Provided information section start

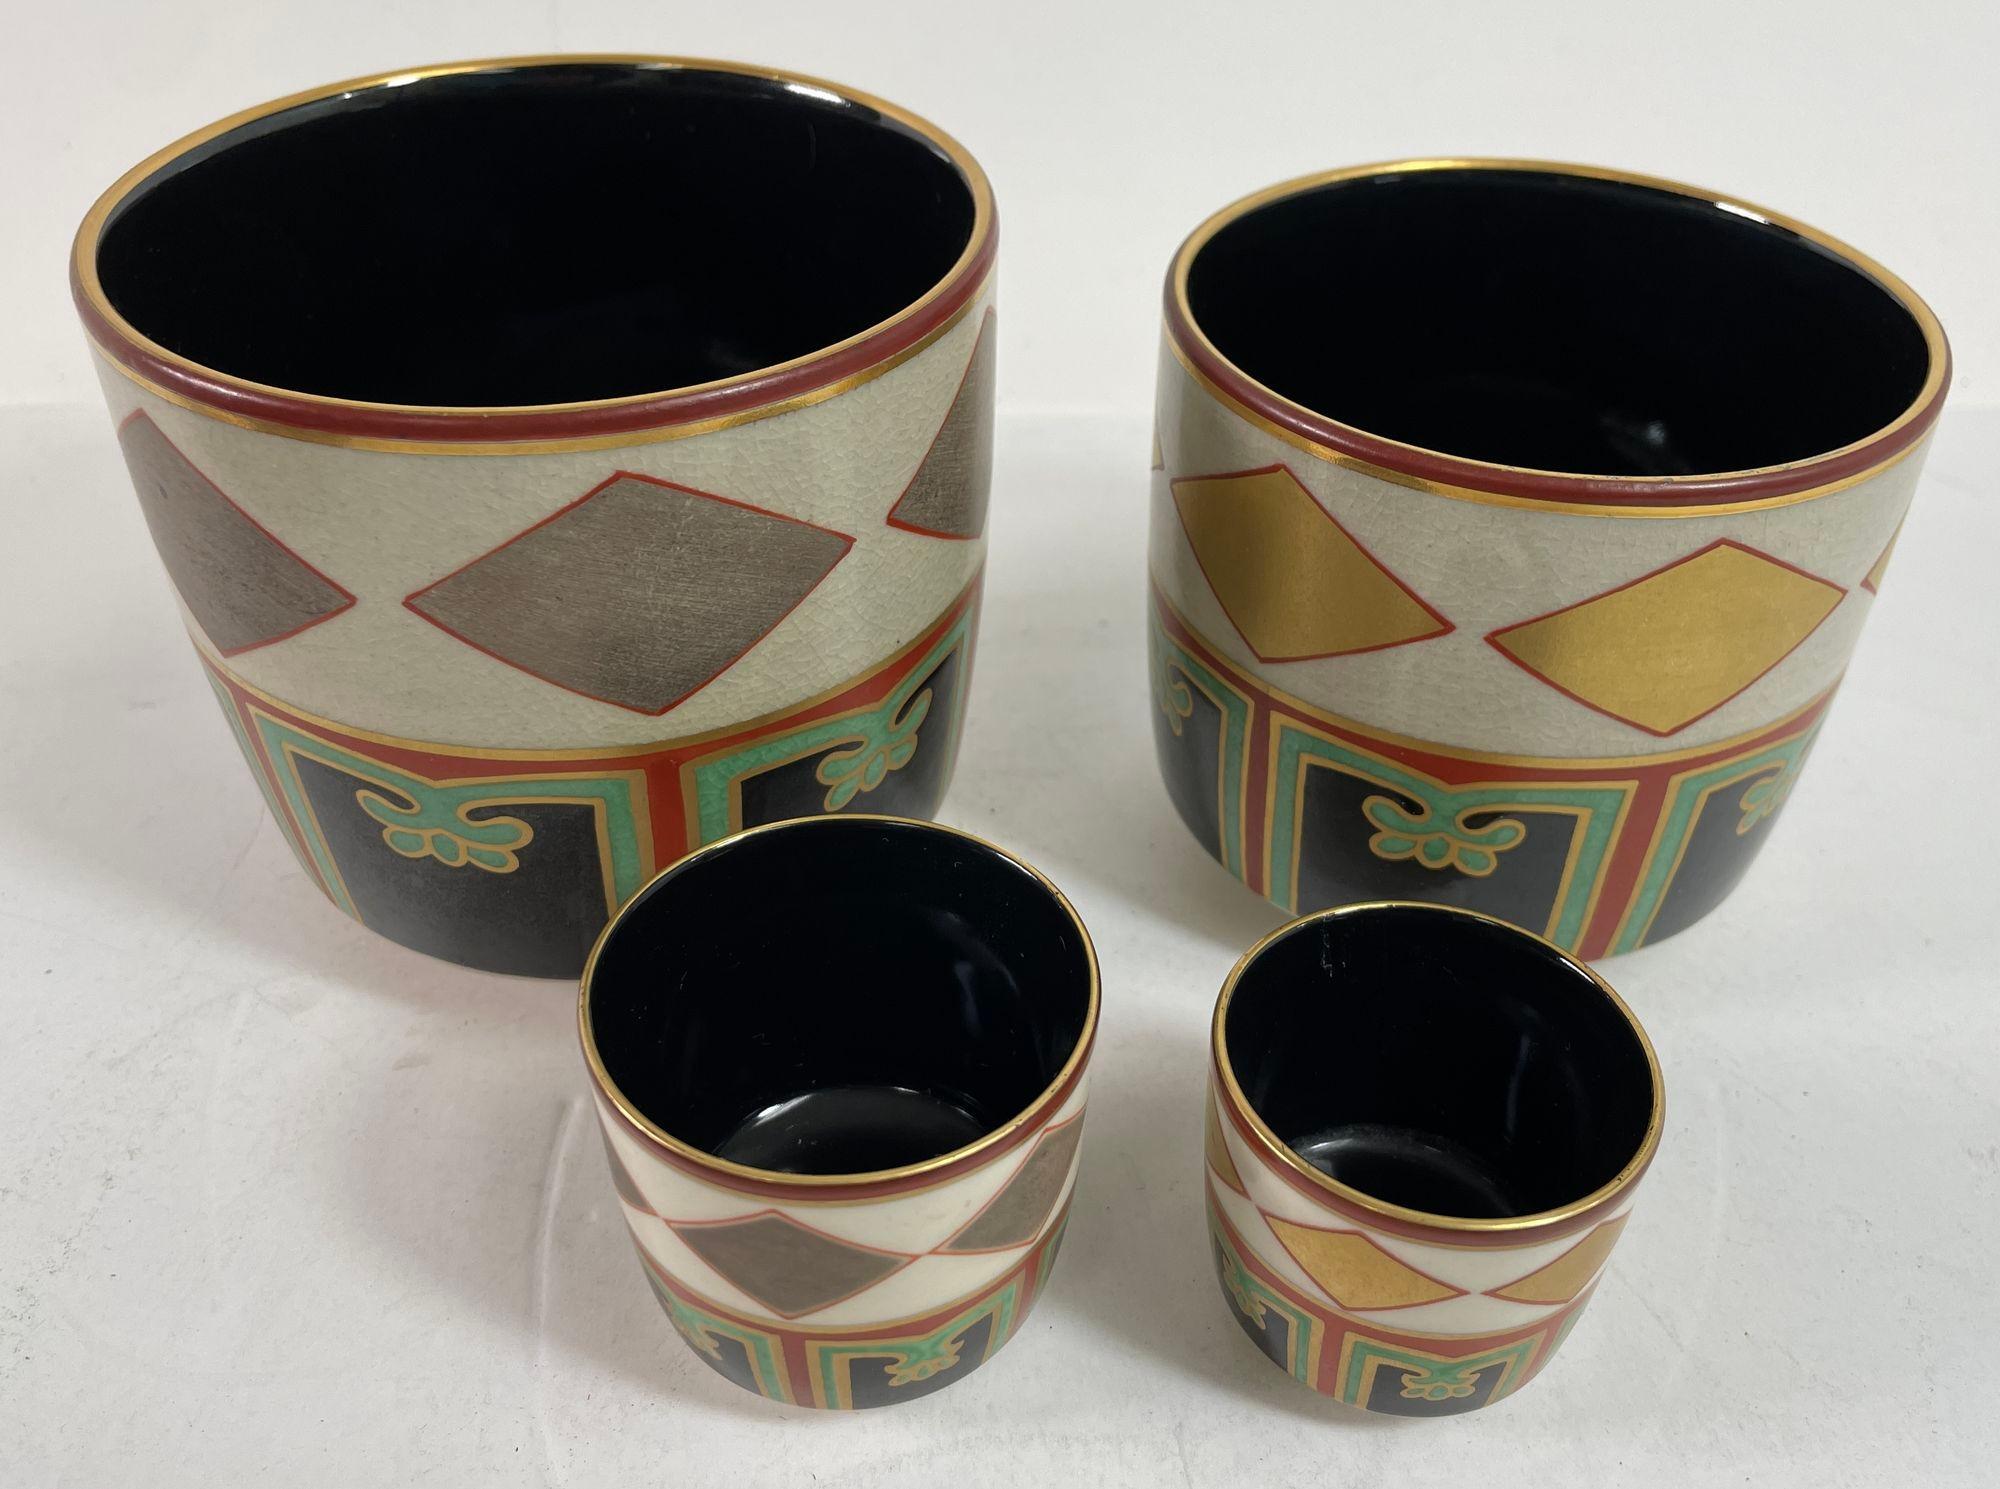 Ensemble de bols et plateaux à thé Kuniyaki d'après Nonomura Ninsei Japon, Vintage.
Set de bols à thé Kuniyaki, d'après Ninsei.
Bols et plateaux à thé Kuniyaki Japon en porcelaine noire à l'intérieur et décorée d'or, de rouge, de vert et
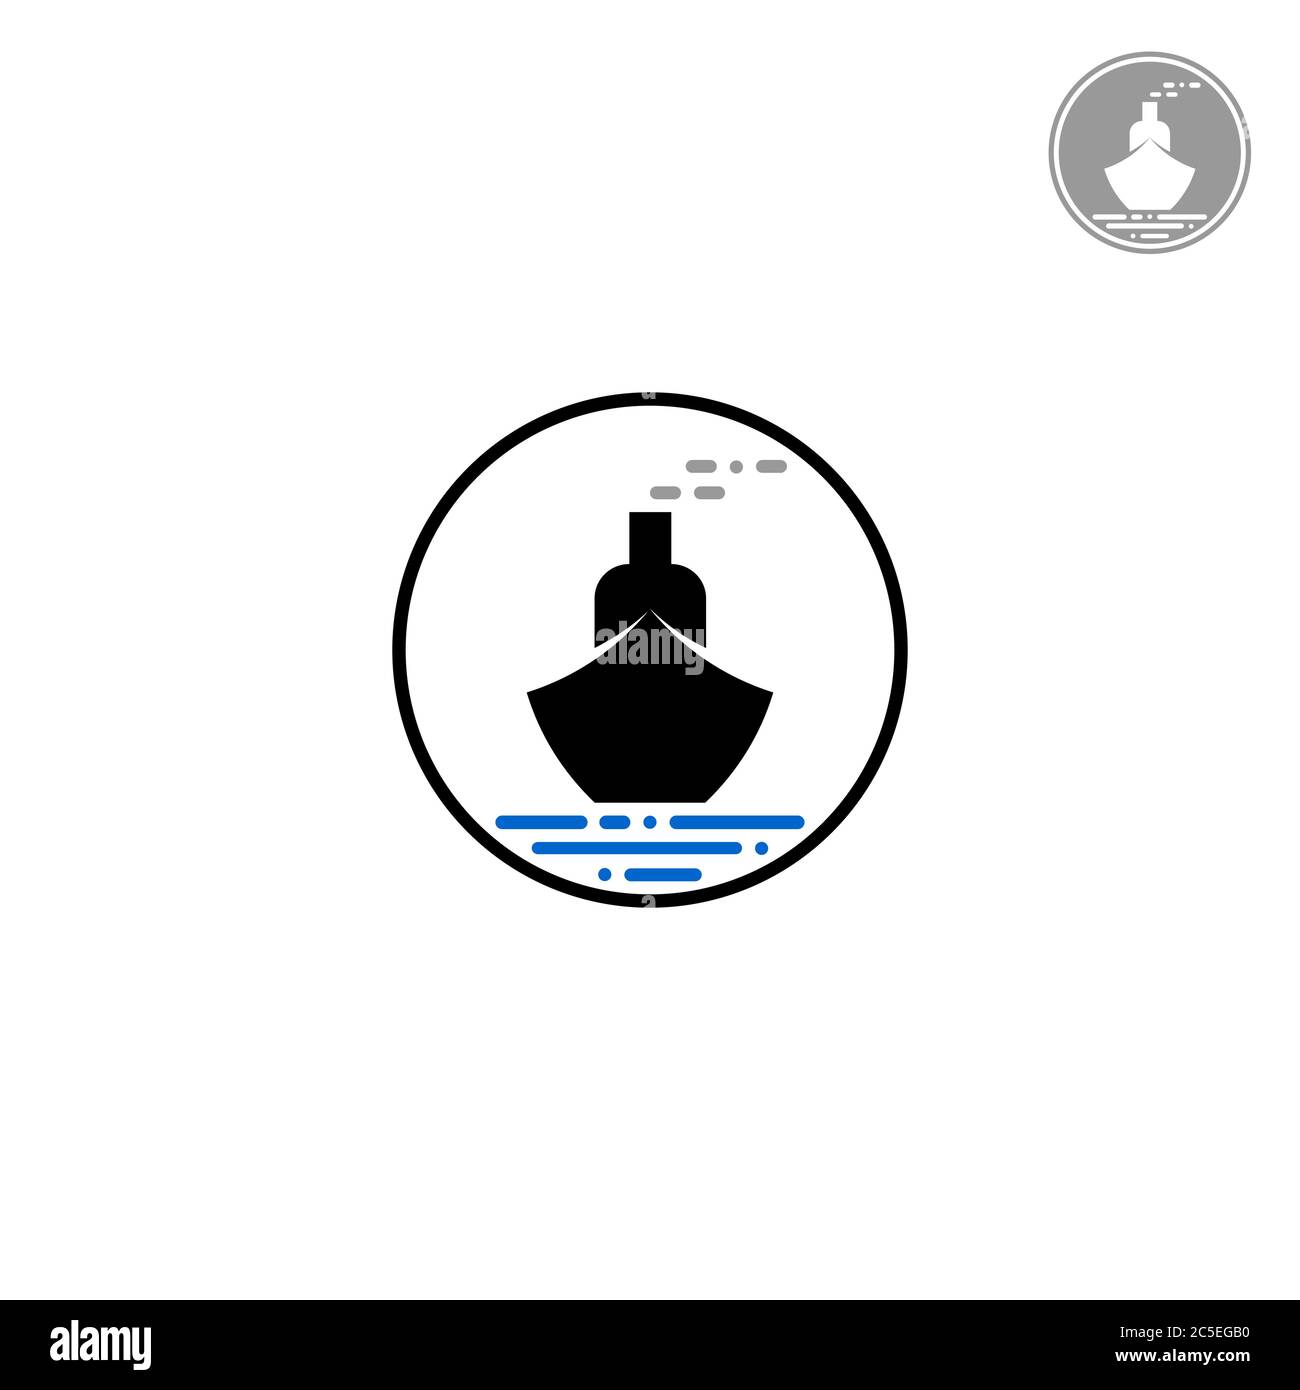 Modello del logo della nave, concetti di design della silhouette e linee tratteggiate, isolati su sfondo bianco. Illustrazione Vettoriale
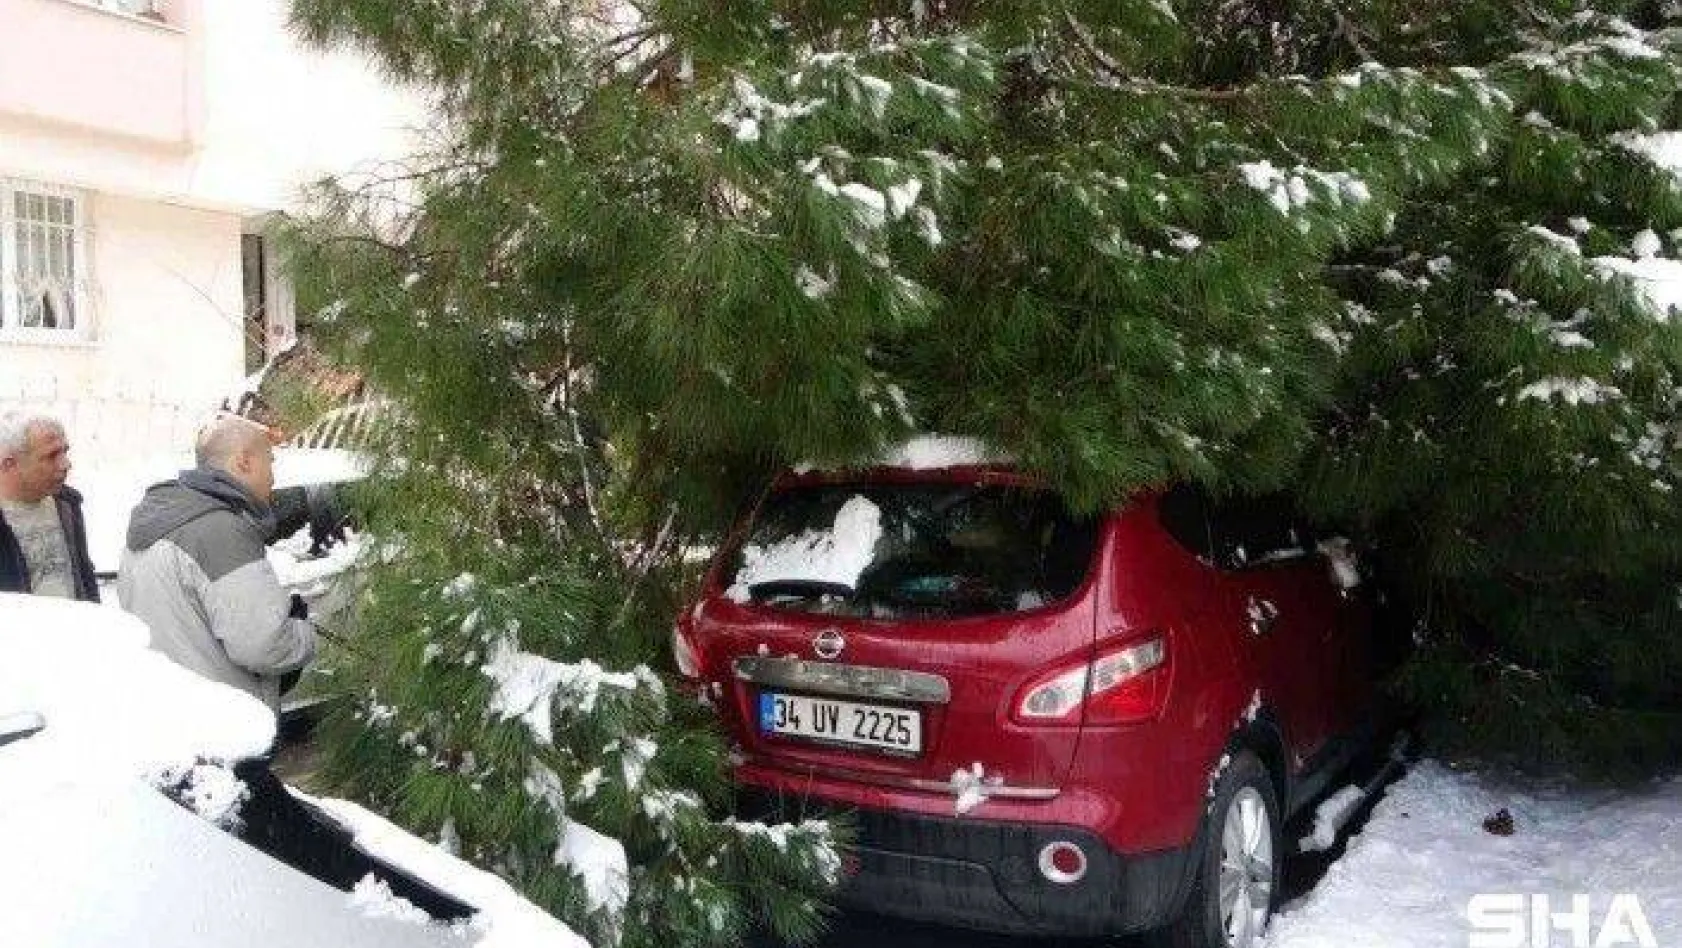 Maltepe'de yoğun kara dayanamayan ağaç, park halindeki 2 aracın üstüne devrildi

Provided information section end

● Your task
Write out again, exactly, only the lines from the beginning of the material above to the line that holds "Bols et plateaux à thé Kuniyaki Japon", both ends included, and no pictures.

● Answer area
 Ensemble de bols et plateaux à thé Kuniyaki d'après Nonomura Ninsei Japon, Vintage.
Set de bols à thé Kuniyaki, d'après Ninsei.
Bols et plateaux à thé Kuniyaki Japon en porcelaine noire à l'intérieur et décorée d'or, de rouge, de vert et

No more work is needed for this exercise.